Он взглянул в лицо Джамиле и не мог не задохнуться от счастья. Но мудрый внутренний голос – о, какое счастье, что он менее подвержен страстям! – прошептал: «Не торопись, не торопи ее. Дай ей чуть привыкнуть к тебе… Представь, что сегодня ваша первая брачная ночь…»
– О прекраснейшая… великолепная! Остановись на миг… Не торопись…
– Я вся твоя, мой любимый… Говори, что мне делать, – я стану твоей ученицей.

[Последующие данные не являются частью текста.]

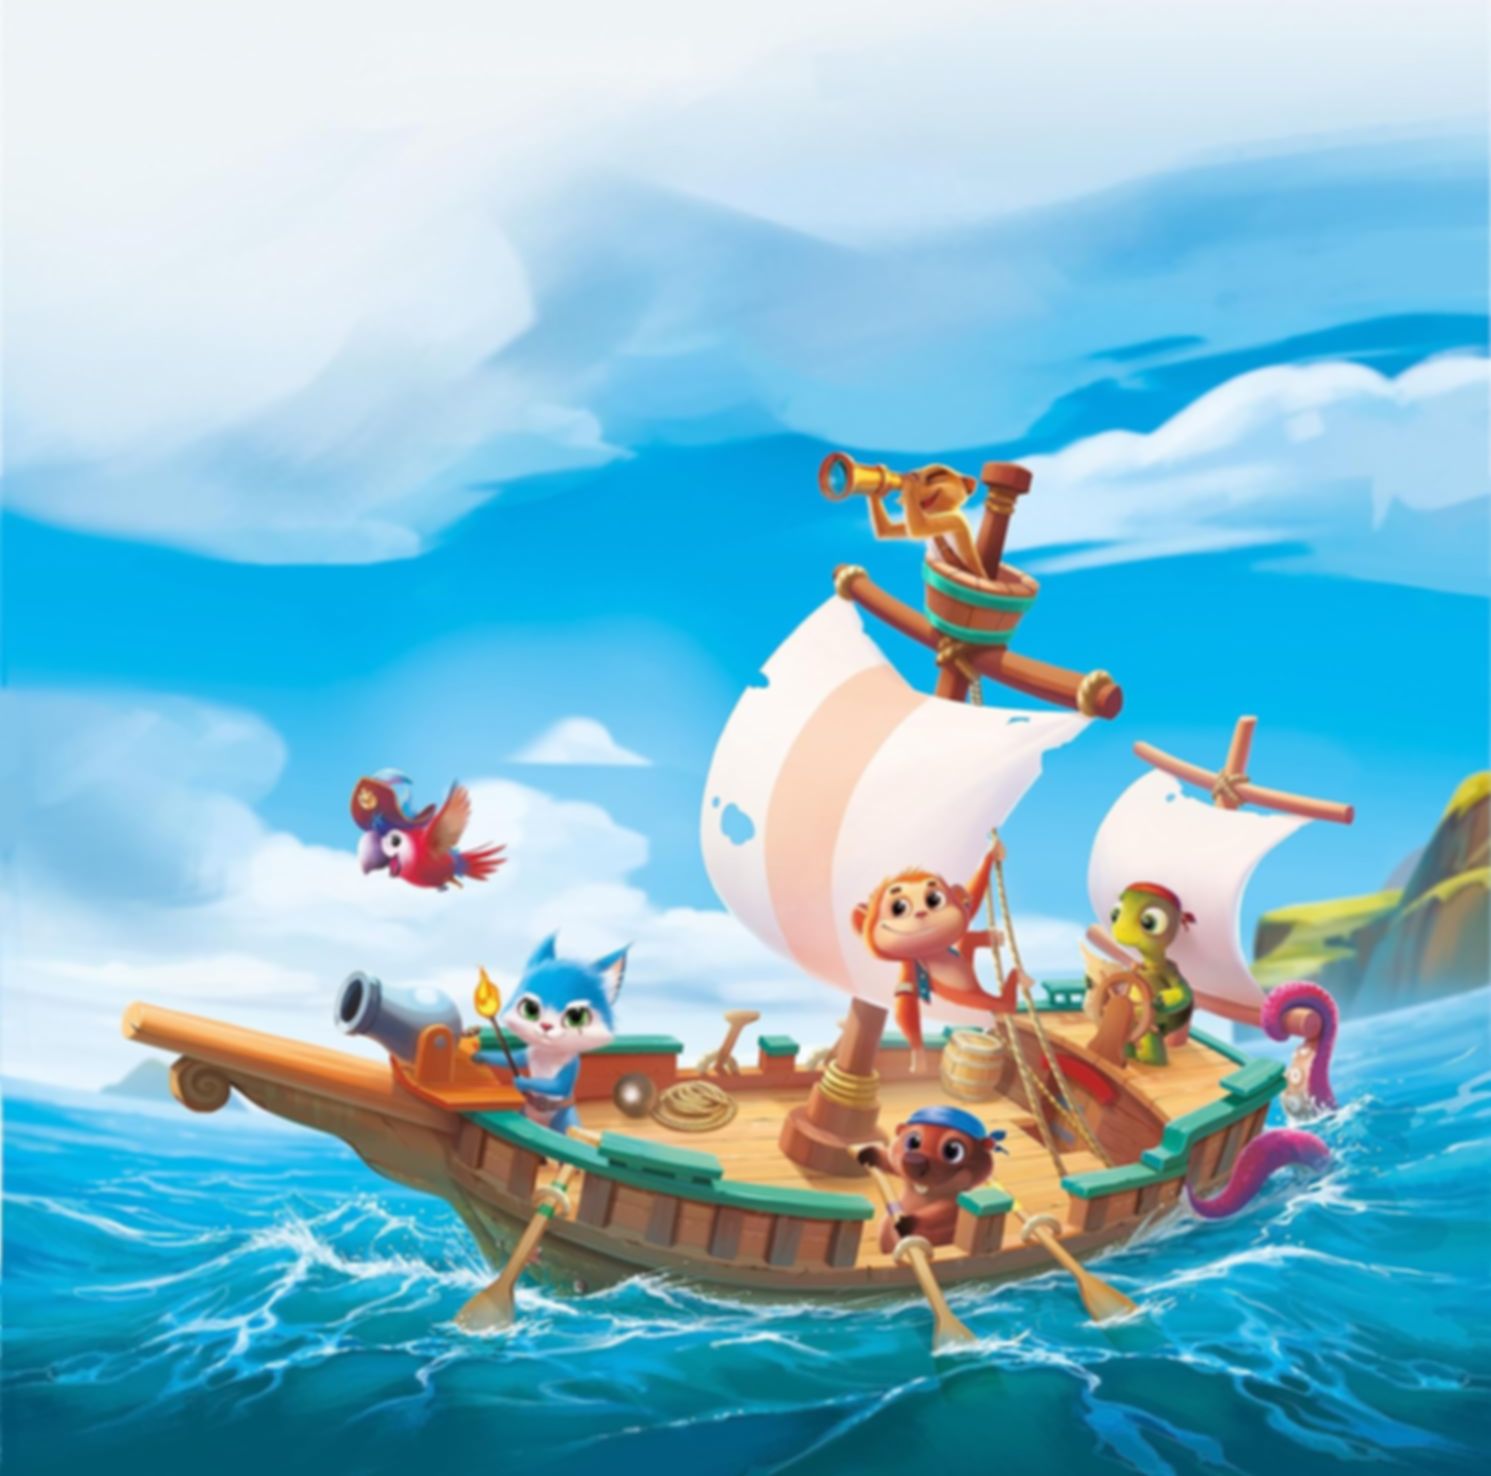 Capt'n Pepe: Treasure Ahoy!

– Да будет так. Тогда позволь мне снять с тебя одеяние… И позволь мне избавиться от своего платья…
Джамиля с закрытыми глазами позволила халифу снять с нее кафтан. Но стоило ему лишь коснуться ее нежной шеи, как глаза девушки раскрылись. Гарун аль-Рашид почувствовал головокружение и постарался найти успокоение в самых обыденных деяниях. Он сбросил кафтан и рубаху, сел и наклонился, чтобы расшнуровать сандалии.
И тут произошло истинное чудо – из статуи Джамиля прекратилась в живую женщину. Она поспешила к нему и склонилась над его ногами, чтобы помочь. Сняв с него сандалии, она залюбовалась его грациозными ступнями.
Ощутив на своей голове прикосновение его руки, она вздрогнула.
– Ты не должна снимать с меня сандалии, мой цветок!
Эти простые слова пробудили в Джамиле ту, что дремала долгих десять лет. О да, сейчас ее душа стала душой Та-Исет, жаждущей, живой. И это преображение не мог не заметить Гарун аль-Рашид. Ему показалось, что совсем новая, сильная девушка глянула сейчас на него из-под черных густых ресниц.
– Но я хочу этого! – возразила она. – Это же мелочь… Но ты сможешь почувствовать, как же сильно я люблю тебя.
Он протянул руку, взял ее за подбородок и приподнял ее голову. Он долго и пристально смотрел в ее прекрасные, желанные глаза. Потом его губы слегка коснулись ее губ, распространяя по всему ее телу легкий трепет. Она в смущении опустила глаза и вдруг заметила, что на нем в этот момент остались только короткие кюлоты, такие, как носили многие франки. Джамиля, будто зачарованная, рассматривала мускулистые и стройные ноги своего возлюбленного, длинные, гладкие и загорелые. Он некоторое время наблюдал за ней, и ему стало весело. Он чувствовал, как ей хочется прикоснуться к нему. Но пока она еще боялась сделать это.
Он встал и привлек ее к себе. Его руки потянулись к сложному узлу, который был завязан на ее вышитом кушаке.
Несколько минут он возился с ним, но разгадка тайны этого узла ускользала от него. Он прошептал:
– Кто же, о Аллах, завязал этот узел?
Джамиля рассмеялась.
– Я, мой прекрасный.
– Коварная… Ах, вот как!
Он потянул шелковую ленту и снял ее. Теперь рубаха Джамили висела свободно. Он снял ее через голову девушки и бросил на огромный сундук в дальнем углу покоев. Миг – и туда же отправились его кюлоты, прежде чем Джамиля заметила, как он их снял. Она стояла, ошеломленная, а он опустился на колени и аккуратно снял ее башмачки с серебряными пряжками. И вновь Джамиля закрыла глаза – ибо халиф осторожно лишил ее последней защиты – тончайших шелковых шаровар.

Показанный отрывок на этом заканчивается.